Both games will be on PlayStation 4, PS Vita and PC. “Adding together the story mode of both games brings over 100 hours of gameplay, and that is without the side-missions,” Tomizawa added.
God Eater 2: Rage Burst preview
I spent ran hour playing a demo version of God Eater on PlayStation 4, which provided a pretty decent insight into the game’s battle system. Unusually for a JRPG, it’s heavily action-oriented and pretty easy to understand.
Your God Arc weapon will be your main form of attack, dishing out melee damage to foes. It’s easy to transform it into a gun – handy when you have to stand back to avoid bigger enemies with devastating attacks, and watching it morph into a dinosaur-like pair of jaws when you trigger its Devour mode is cool.
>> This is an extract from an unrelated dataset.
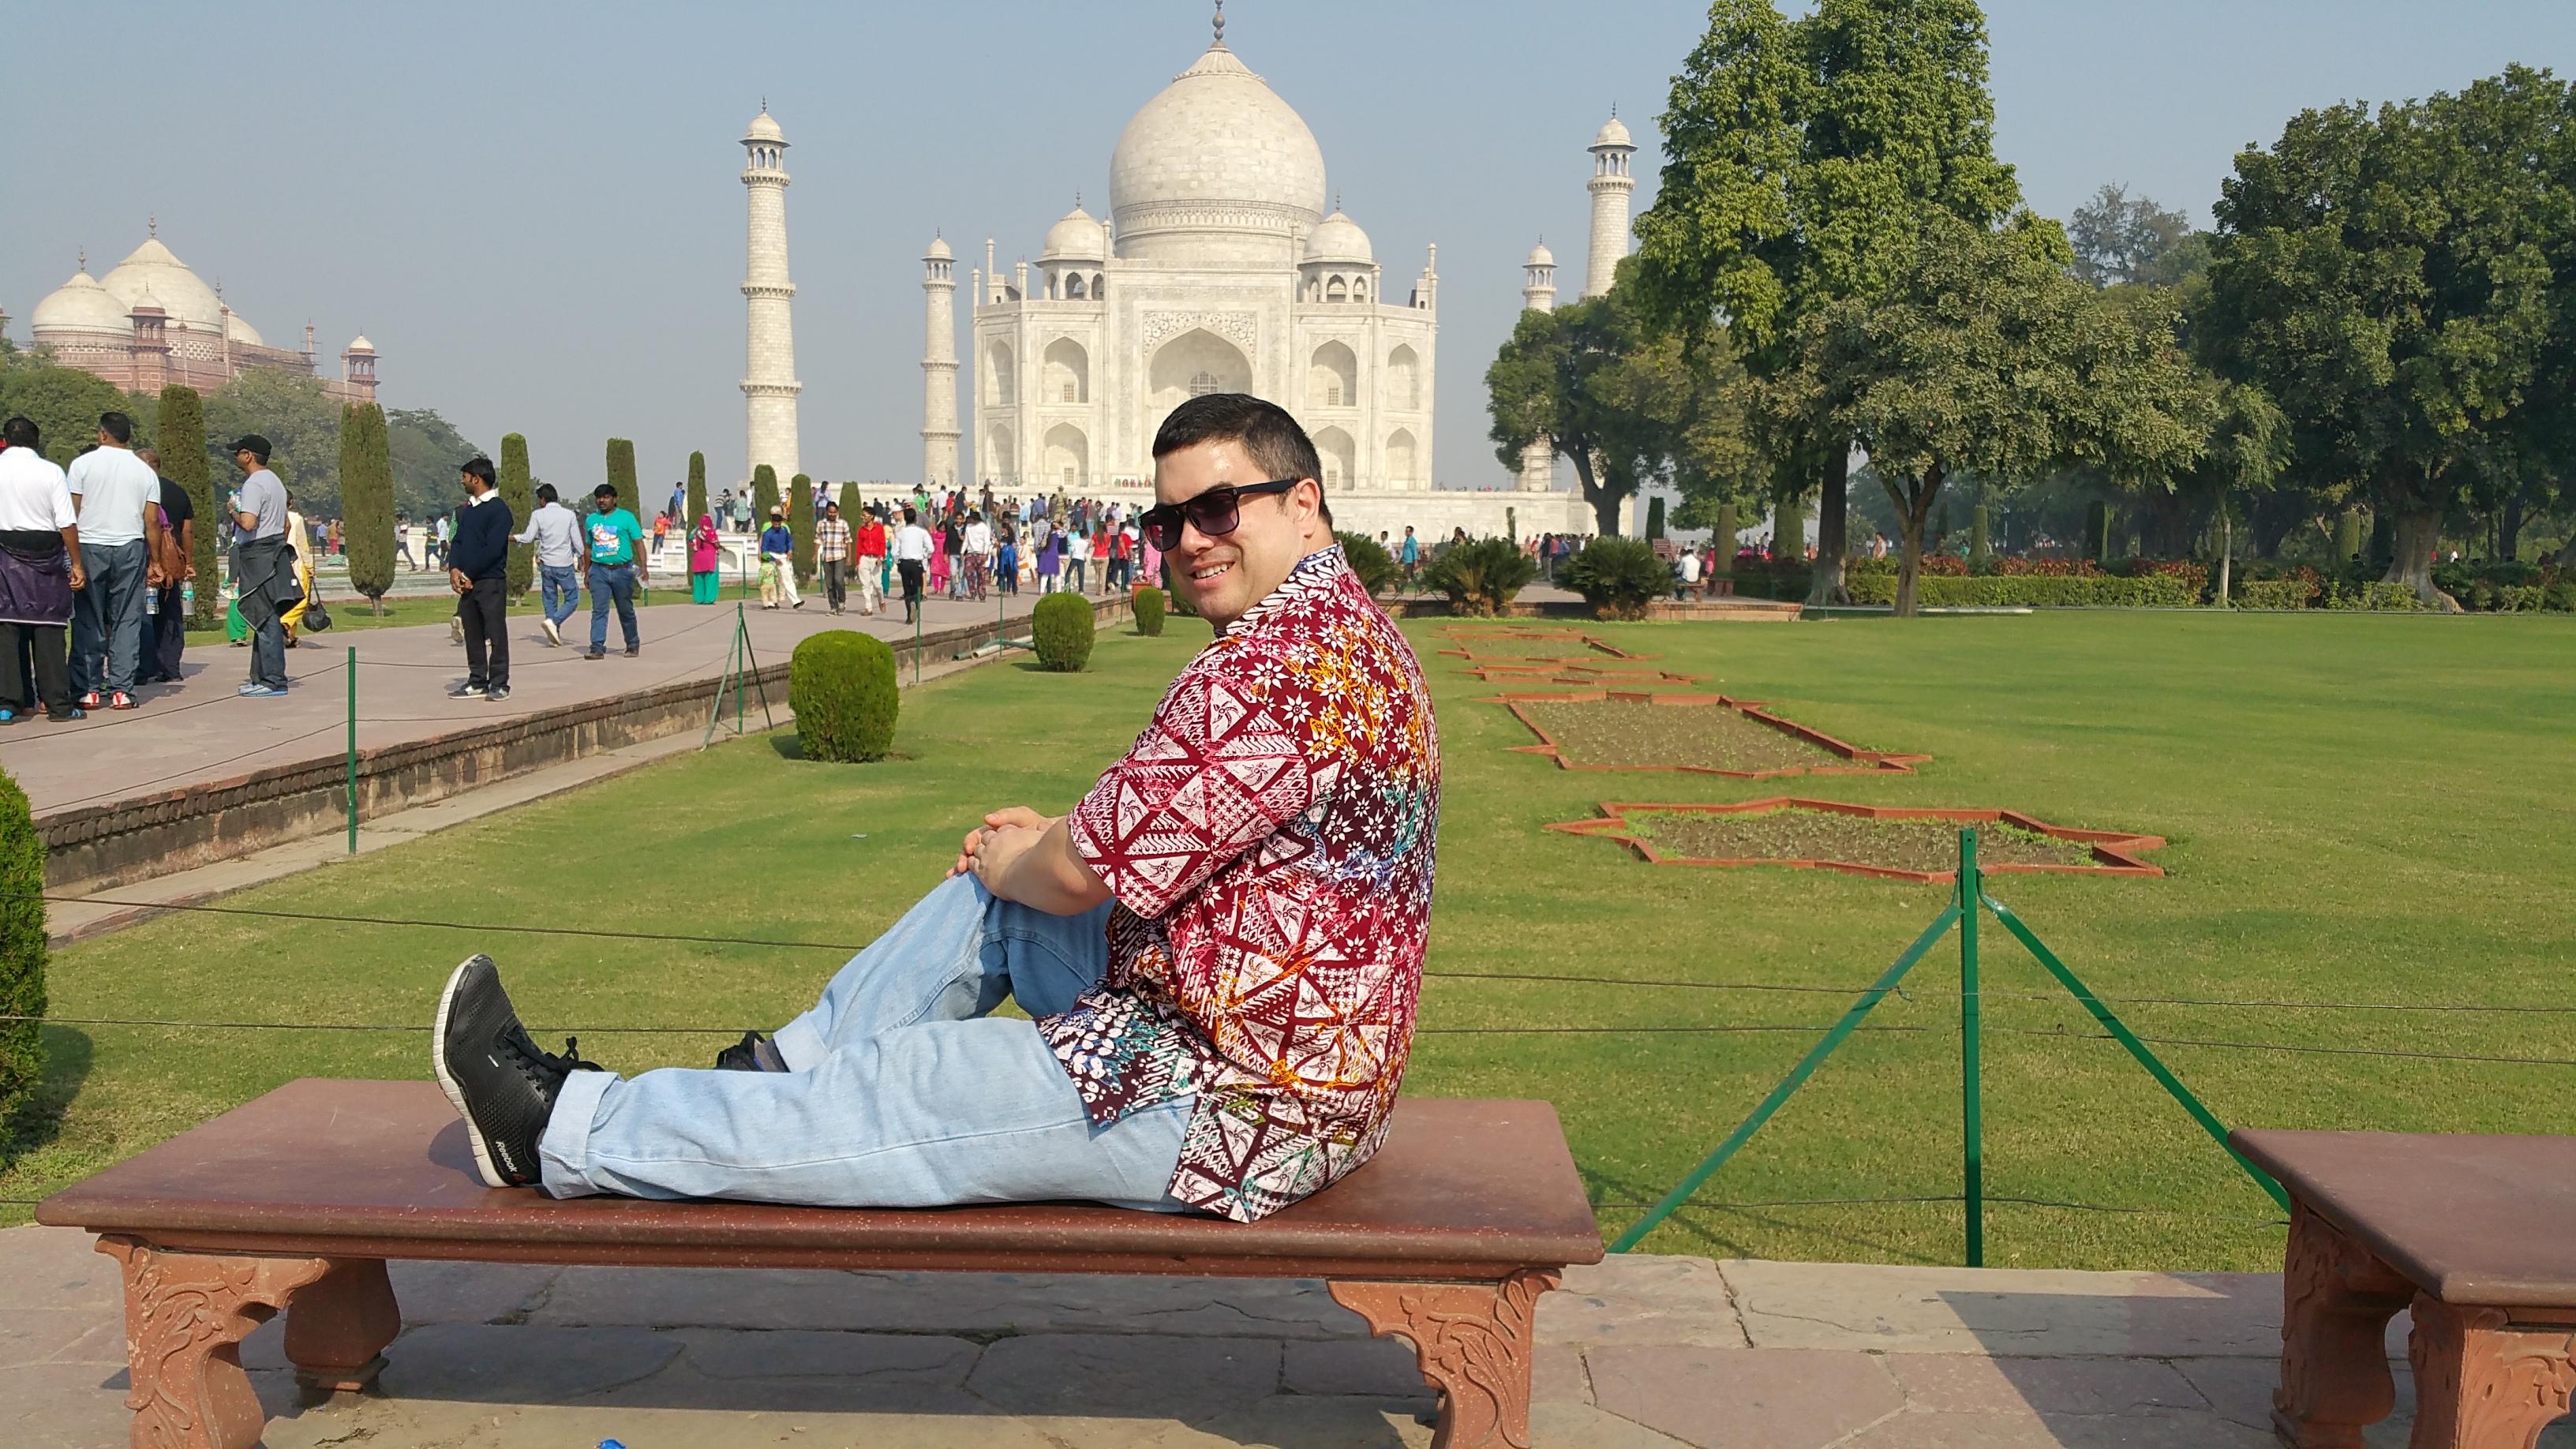 Kevin posing at the Taj Mahal, Agra, India.

The gun can also be transformed into a shield.
In practice I tended to employ the melee attack – bullets for the gun proved pretty scarce. Gratifyingly, my character was pretty manoeuvrable, although I had to keep an eye on the stamina gauge, with a decent jump for evading incoming attacks. The demo gave little hint of what God Eater 2: Rage Burst’s story might be like, but did confirm that, as one would hope, taking down mini-bosses requires plenty of concentration (it was also easy to pull back from the fray to heal) and patience.
Sword Art Online: Hollow Realization
As a franchise, Sword Art Online is a pretty big deal in Japan – arising from a series of novels written by popular author Reki Kawahara and spawning a number of manga comics, an anime TV series and three videogames.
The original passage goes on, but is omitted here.